Standards to measure effective spiritual formation training are being developed in Nigeria and India. Oral pastoral leadership programs have started in South Sudan, Uganda, and Ethiopia—and will soon in Tanzania and Senegal. And regional collaboration hubs are being established in South America and Africa, to link partners in similar local contexts.

ICETE has also been asked to gather key leaders to discuss quality assurance through micro-credentials and competency-based theological education. As these innovative approaches are further refined, they will open new opportunities to certify a wider number of programs, strengthening collaboration across the sectors of theological education.

In every region ICETE represents, we hear reports on how our conference stimulated serious reflection that has already set our agenda for the next global consultation in March 2025: How can the whole of theological education come together to equip the next generation?

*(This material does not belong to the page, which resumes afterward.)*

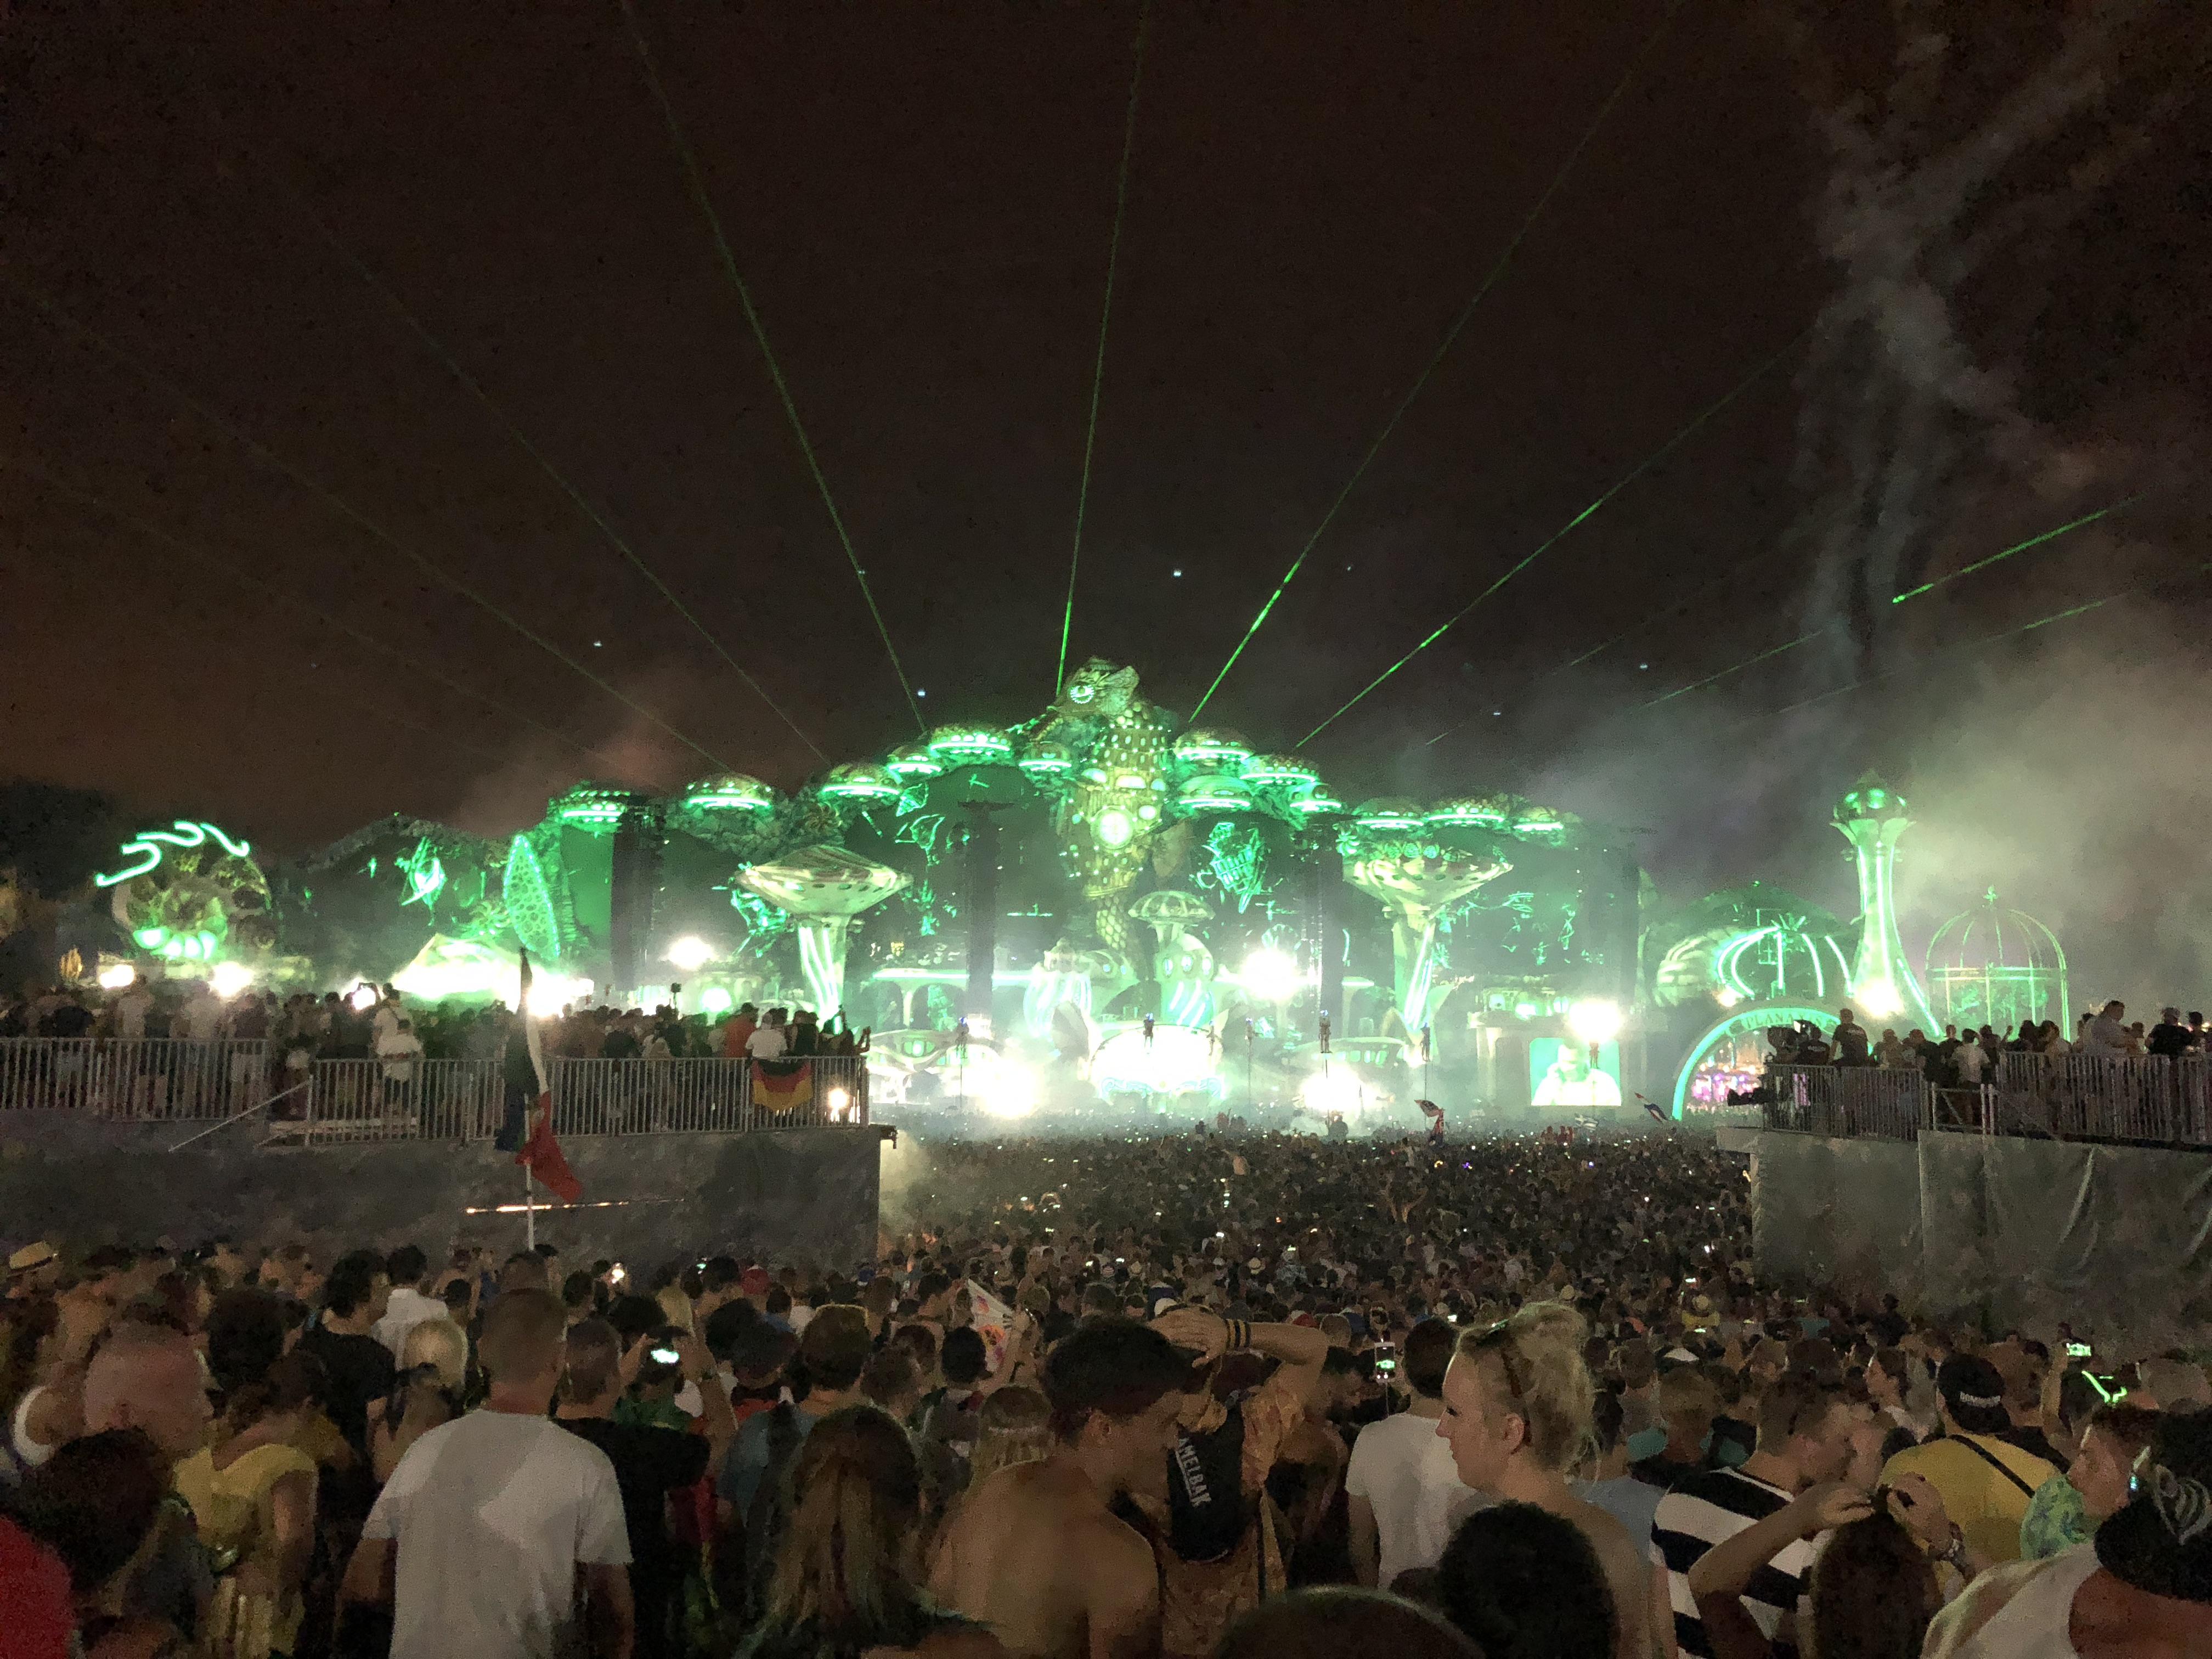 File:Tomorrowland 2018 Main Stage jpg - Wikimedia Commons
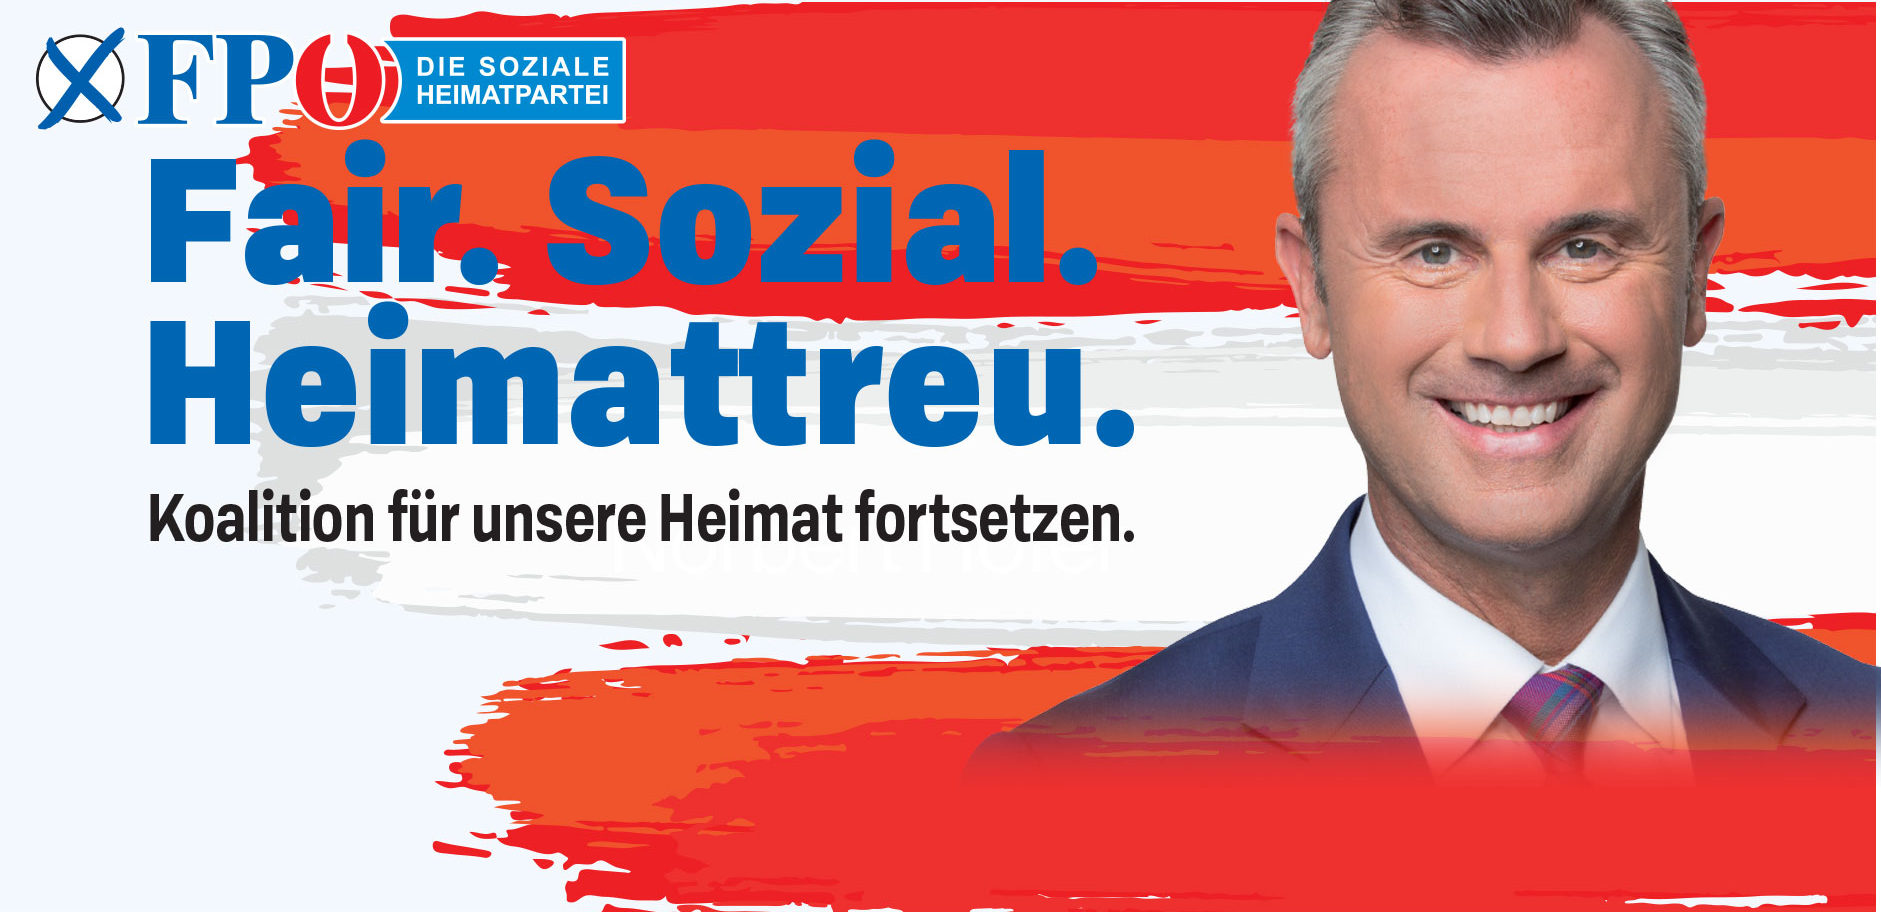 Wahlslogan 2019 der FPÖ: Fair Sozial Heimattreu

Though we know the Lord Jesus will ultimately build his church, during our present era we must do all we can to come alongside this effort, that it may be strengthened to stay on mission until Christ’s return. We cannot continue with disconnected, fragmented theological education and expect to meet the needs of church leaders like Roy in India and countless others like him. Renewal has begun, and ICETE will serve to cultivate it.

On the opening night of our week in Izmir, I led the gathering to recite with me the following plea: “Lord, may our consultation not be measured by our numbers, but by our mutuality in one common aim—to strengthen Christ’s church.”

May this be our ongoing prayer.

Michael Ortiz is the ICETE international director.